By Mariealicerayner @MarieRynr
Whittingham Buttons 
I love, LOVE the traditional recipes of the UK.  They are typically very regional and often historical, having a great deal to do with the farming practices, traditions, landscape and history of the area in which they have been developed.
Whittingham Buttons 
Whittingham is a small village deep in the moors of Northumberland. The recipe for them is a very local recipe, which might or might not have been discovered by accident.  Happy accident or not, they can be found at most bake shops in Northumberland.  I have not been lucky enough to taste one  in Whittingham, but I do have a very nice cookery book  from the National Trust, which shares a multitude of these local, regional and historical recipes . . .  and from the moment I discovered the recipe was keen to bake my own at home. 
Whittingham Buttons 
The recipe has been adapted from one I found in the National Trust, Complete Traditional Recipe Book, by Sarah Edington. 
Whittingham Buttons
The photograph in the book of these biscuit/cookies was very visually appealing.  From the moment I saw it I could just envision sitting down to one or two of these along with a nice hot drink, and we are into hot drink season for sure!
Whittingham Buttons 
The ones in the book look really puffy and I think you can tell by me putting the two side by side, mine and theirs  . . .  mine did not actually turn out the same, although they are still very delicious. 
Whittingham Buttons
The recipe calls for custard powder, which I normally have in my cupboard.  (In North America you can get it from Amazon, (US) or Amazon, (Can), and a few other spots, even in some grocery stores.) I didn't have any when I checked . . . . or at least I couldn't find it.  I did have this, however . . .
Whittingham Buttons 
I used this instead, but I don't think it was exactly the same thing as the Bird's Custard Powder because my cookies were not in the least bit puffie.
Whittingham Buttons 
They spread out a lot and I actually had to cut them apart with a round cookie cutter, which was not a problem and left us lots of nice crispy trimmings to munch on.  I also had to re-poke the holes in the centre, which I did with the smaller end of a chop stick.
Whittingham Buttons  
At first I thought they were inedible and despaired at the waste of my time and ingredients, but actually, they turned out to be VERY delicious indeed, if not totally the same as those in the photograph.  I would not call these a failure in the least, although if you want to have puffie ones I would use the Birds Custard powder.  
Whittingham Buttons 
*Whittingham Buttons*Makes 12 to 16Printable Recipe 
A traditional biscuit/cookie hailing from a small village in Northumberland called Whittingham. Crisp and sweet. 

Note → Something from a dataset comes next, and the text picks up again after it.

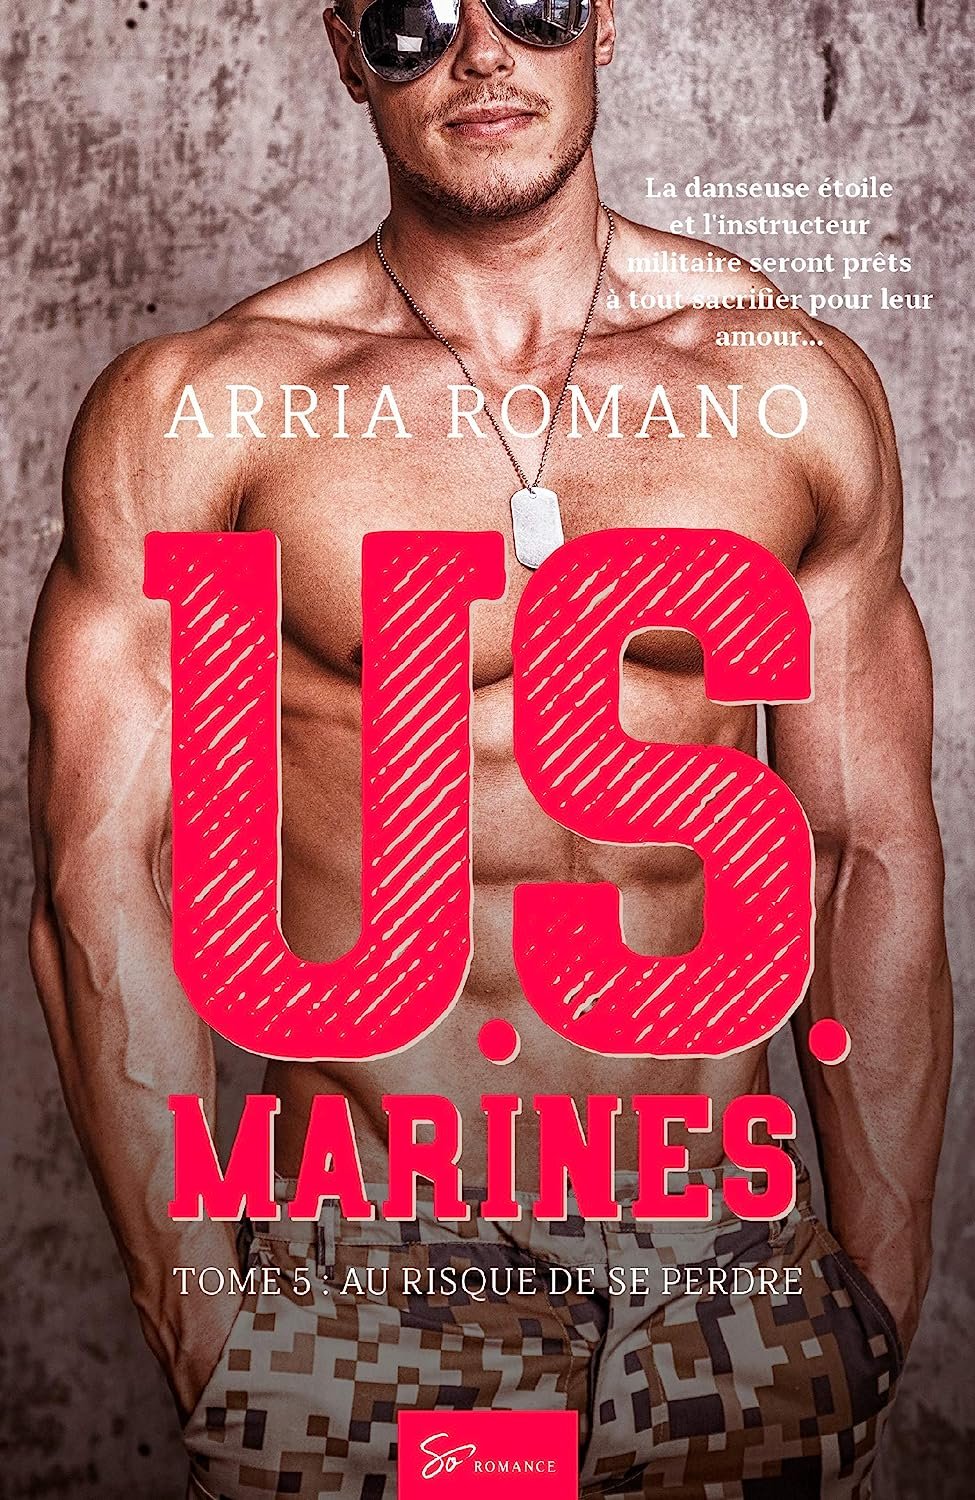 Arria Romano – U.S. Marines - Tome 5: Au risque de se perdre

175g butter (3/4 cup + 1/2 TBS)75g icing sugar (1/2 cup plus 3 1/2 tsp)175g plain flour (1 1/3 cups)50g custard powder (scant 1/3 cup)
Whittingham Buttons 
Preheat the oven to 180*C/350*F/gas mark 4.  Butter a large baking sheet. 

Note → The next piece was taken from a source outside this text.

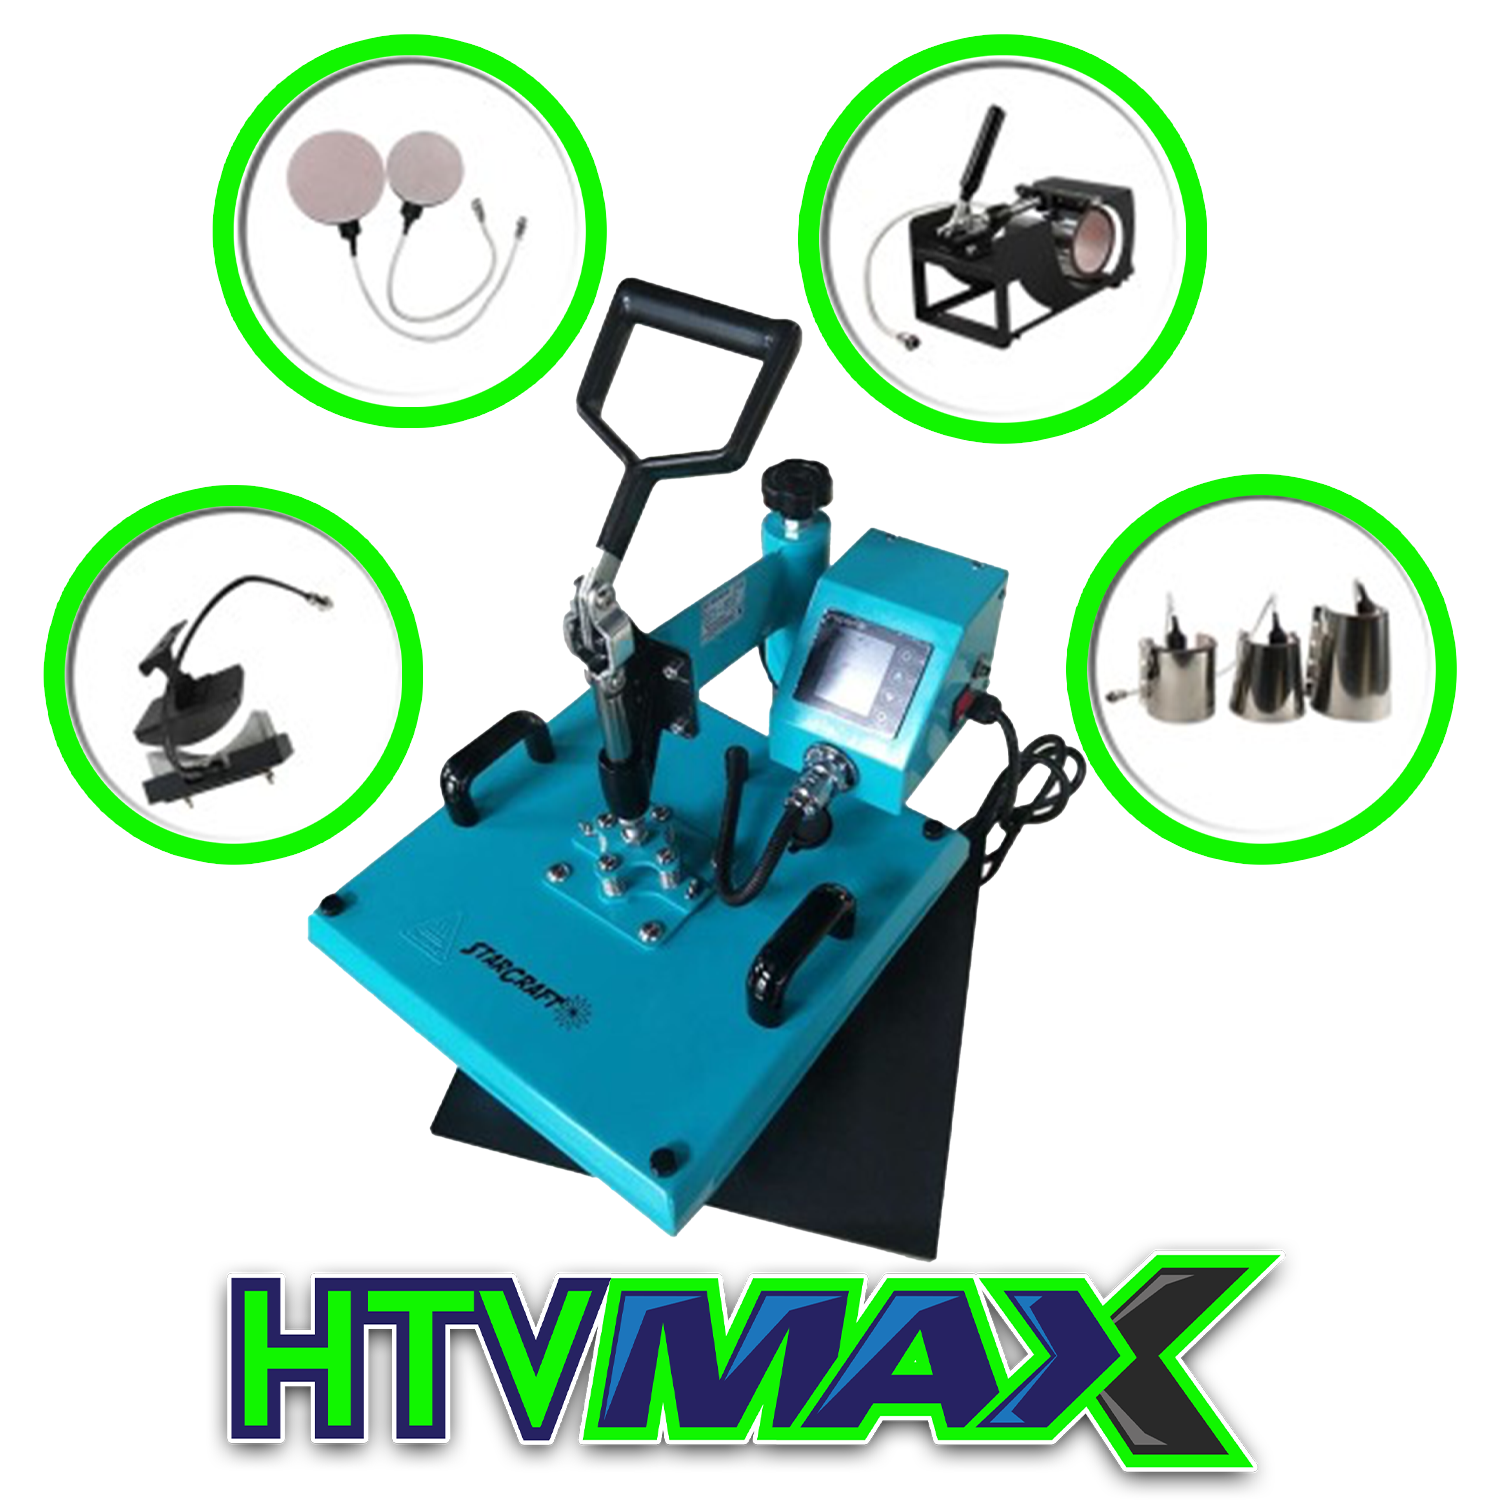 HTVRONT Auto Heat Press Machine for T Shirts - 15x15 Brazil

Cream the butter and sugar together until light and fluffy.  Add both the flour and custard powder and mix together with the creamed mixture to form a firm dough.  Break off pieces the size of a large walnut and roll into balls the size of a large whole walnut. Place on the baking sheet and flatten slightly, leaving some space in between.  Make four button holes on the top with a skewer. 

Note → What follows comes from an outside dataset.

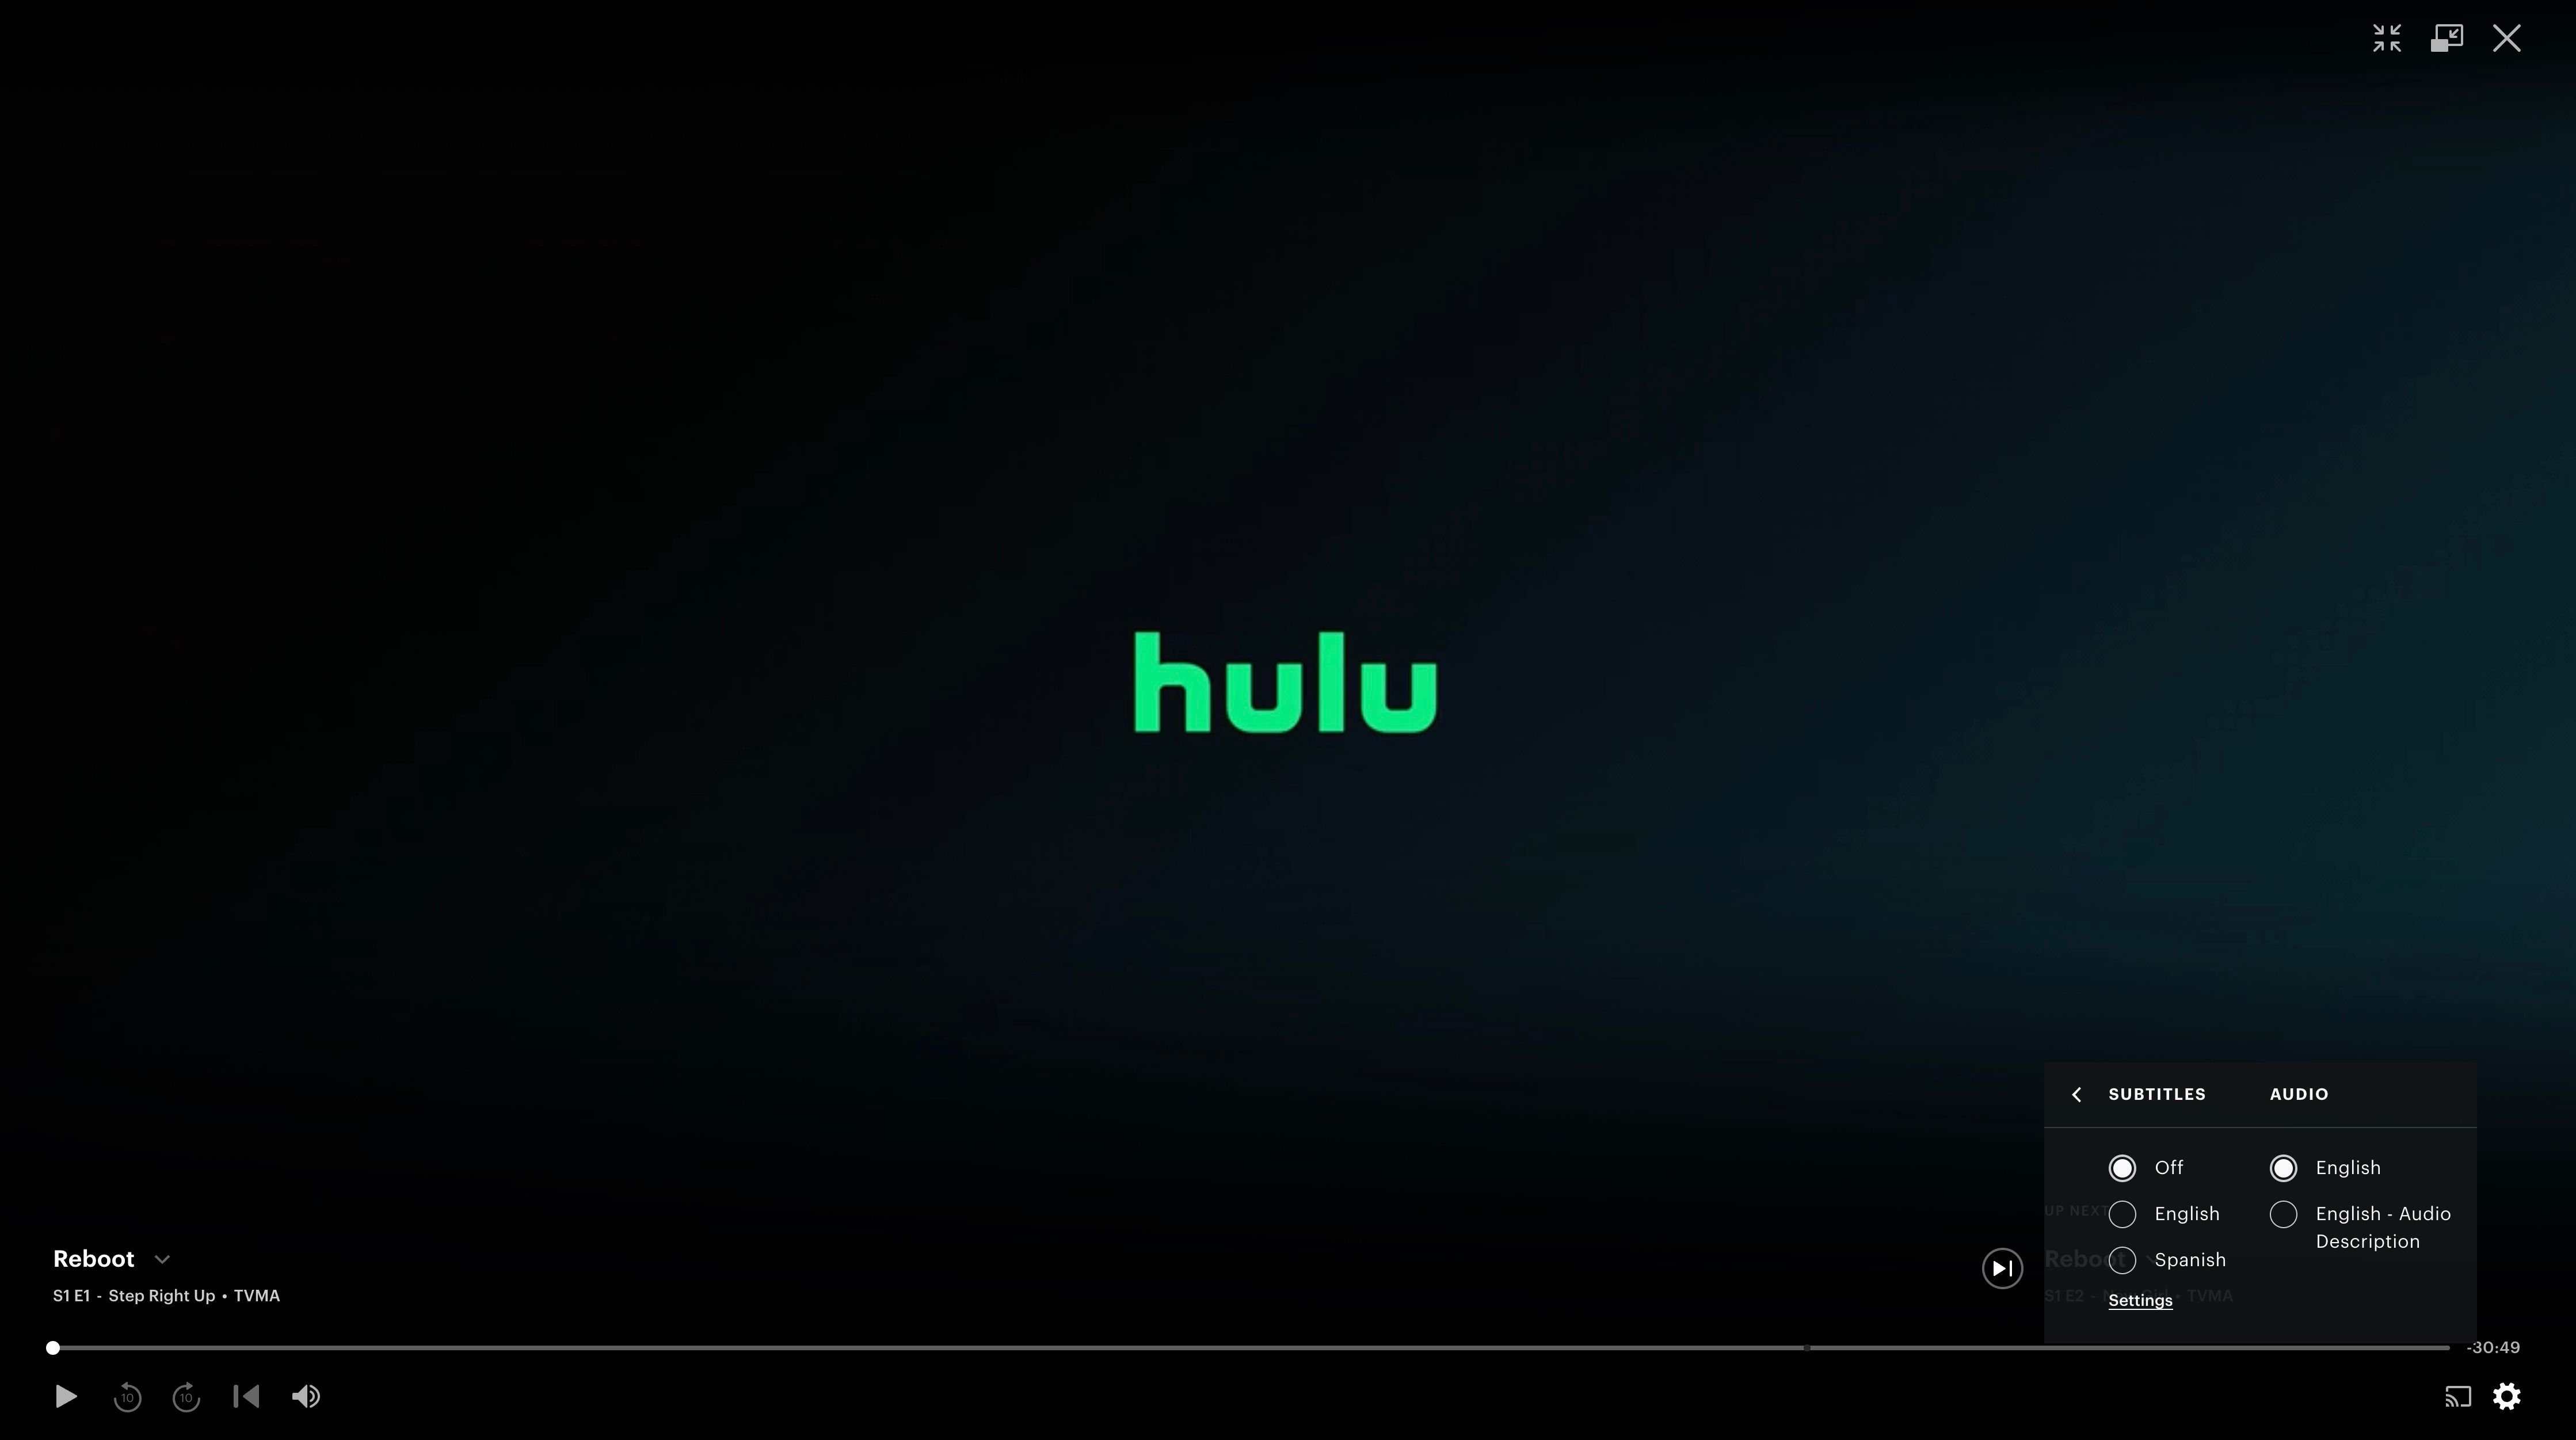 Hulu Audio Description Settings with English selected

Bake for 12 to 15 minutes until lightly golden.  Cool on a wire rack.  
Store in an airtight container. 
Note- they will spread so leave plenty of space in between so they don't run together. 
Whittingham Buttons 
These are crisp, sweet, buttery and very moreish.  I wonder what Paul would say.  I think he would like them, but I'm not entirely sure I would get a Hollywood handshake!   Bon Appetit!